It is now more than five years since the technology market hit its all-time high, but the disappointments that followed the boom in dotcom and telecom share prices are still fresh in investors’ memories.

This means that they have been quick to sell into rallies. However, there are several reasons why now might be a good time to stop thinking about selling and start thinking about buying.

Recent results from technology firms have been broadly better than expected, analysts are suggesting that future results will also surprise to the upside, and relatively little consideration has been given to tech firms’ operating leverage (this means operating profits tend to increase at a faster rate then revenues).

A further plus is the fact that many of the new innovations promised in the past are now becoming reality: technologies that were barely concepts in 1999/2000 are now ready to be deployed commercially, and this coincides with a time when enterprises and service providers have shaken off the effects of recession and are increasing capital expenditure budgets.

A particularly interesting subsector is communications. Broadband access for homes and businesses is now widely and cheaply available, something that enables numerous new applications. Network operators are also deploying new equipment so they can offer their customers new services, such as ‘voice-over internet protocol’ (Voip), ‘video on demand’ and third-generation wireless (3G).

There is also a trend for these service providers to buy, rather than build, the software they need to manage networks. One company that is a beneficiary of this is France’s Infovista (IFV, e5.81), which has great products, a good cash balance, partnerships with the likes of Accenture, EDS and Nortel, and a compelling valuation.

Another promising subsector is semiconductors. There is some debate about where we are in the semi-conductor cycle at the moment, but regardless of this, with many traditional manufacturing processes pushing against the boundaries of physics, new materials and the equipment required to process them become all the more important.

Soitec (SOI, e18.27) a pioneer of ‘silicon on insulator’ (SOI) technology, stands out as a potential winner here – the new games consoles from Sony and Nintendo due out in 2006 will use SOI technology. The shares have had a tremendous run, but if the company makes new deals with, say, Intel or Samsung, they could go further.

It’s no coincidence the two stocks I’ve mentioned are based in Europe. Many believe the US is the world’s technological centre, but Europe’s pedigree has been proven by firms such as Nokia, SAP, ASM Lithography, Ericsson, ARM Holdings and Dassault Systemes, each of which leads the world in its field.

Europe also arguably leads the way in communications technology; Nokia holds over 30% of the world’s market share for mobile phones, Ericsson supplies 40% of global mobile communications infrastructure, and ARM processors power 70% of the world’s mobile phones.

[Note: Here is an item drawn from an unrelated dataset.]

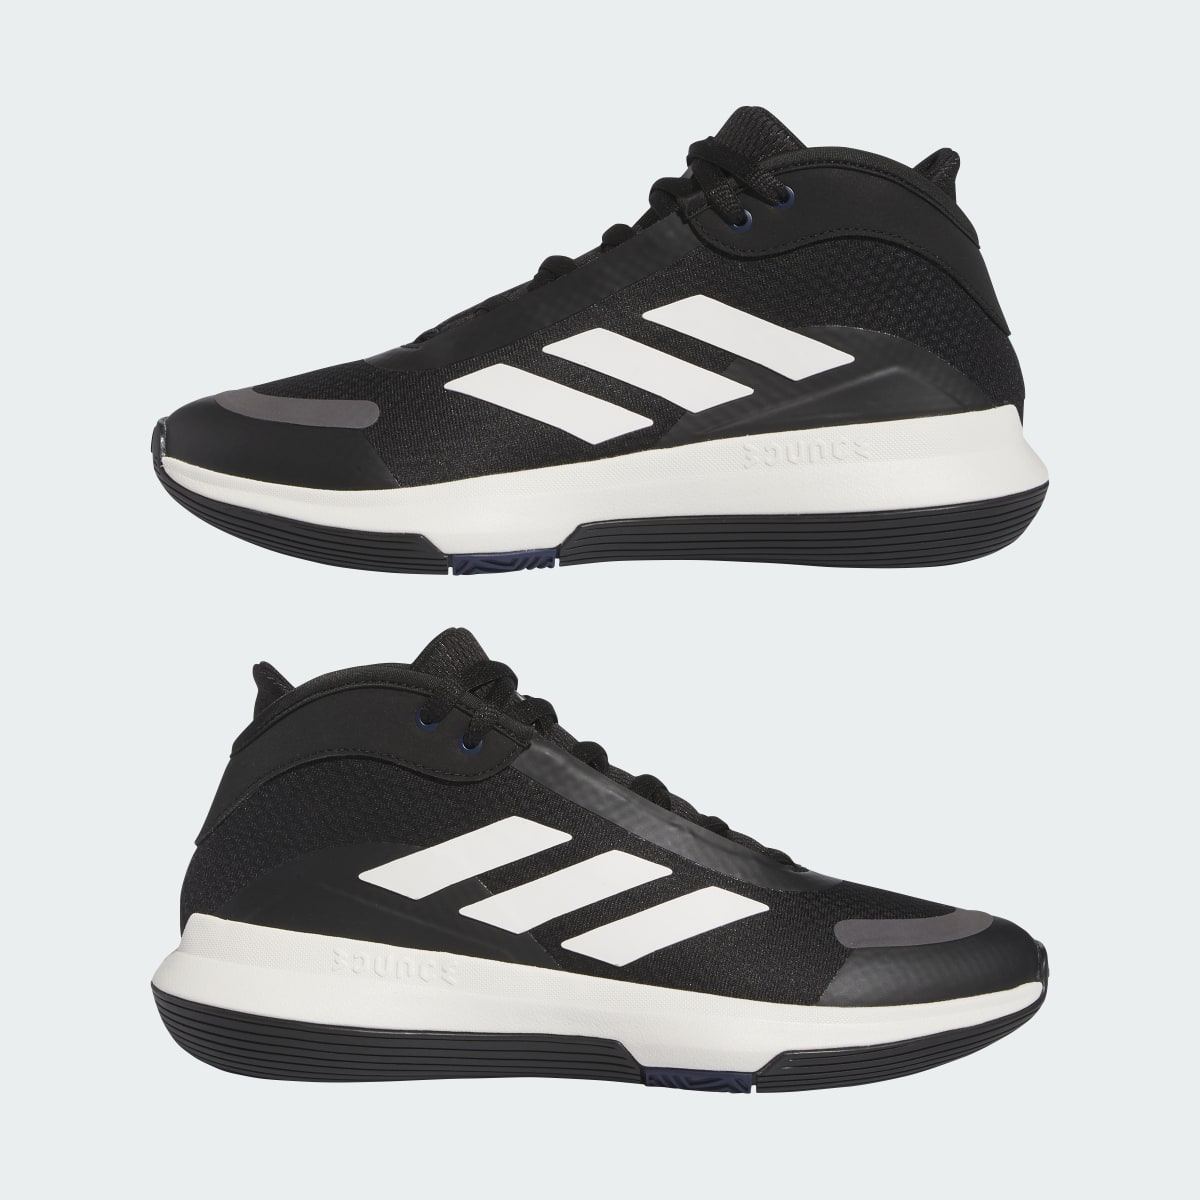 Adidas Bounce Legends Low Basketball Shoes. 11

There are plenty of opportunities for investors to make money in the tech sector over the next few years, especially in Europe.

Jeremy Gleeson is investment adviser to the Close Finsbury Technology fund

… or is it just another fad?

Having fallen an average of 71% since March 2000, there’s no doubt that tech funds are on the rise again. The question is why? And will it last?

The answer to the first question is that fund managers are touting 2006 as a big year for new products to hit the market, says Robert Cyran on Breakingviews.com, and investors now “seem willing to believe that an IT capital expenditure orgy is about to take place”. But even if it is, that doesn’t necessarily mean investing in the sector is a good idea.

Consider PCs. They are the backbone of much IT-related capital expenditure, yet average prices are falling at an annual rate of 10%. As for the consumer market, sales volumes may be increasing, but there’s more competition and prices are falling, so revenue growth in the tech sector will continue to be quite slow.

Richard Holway of technology consultancy Ovum isn’t bullish either. Over the next 20 years or so, he told Mark Atherton in The Times, there’s little chance of such double-digit growth as we saw in the 1990s. Technology will perform no better than other cyclical sectors such as steel and will expand at roughly 5% a year.

The truth is that however much technology has become a part of our lives, it’s still one of the higher-risk and faddish investment sectors and one to be approached with caution. Don’t go for too specialised a fund, says Heather Connon in The Observer, as the more specialised it is, the more volatile. And don’t just look at one year’s performance – look for consistency, says Cyran. Finally, only make a specialist fund a small part of your overall portfolio.

Citywire’s top-three performing funds (measuring discrete performance percentage over a three-year period) in the technology and telecoms sector are Close FTSE TechMark, Artemis New Enterprises and Legg Mason European TMT.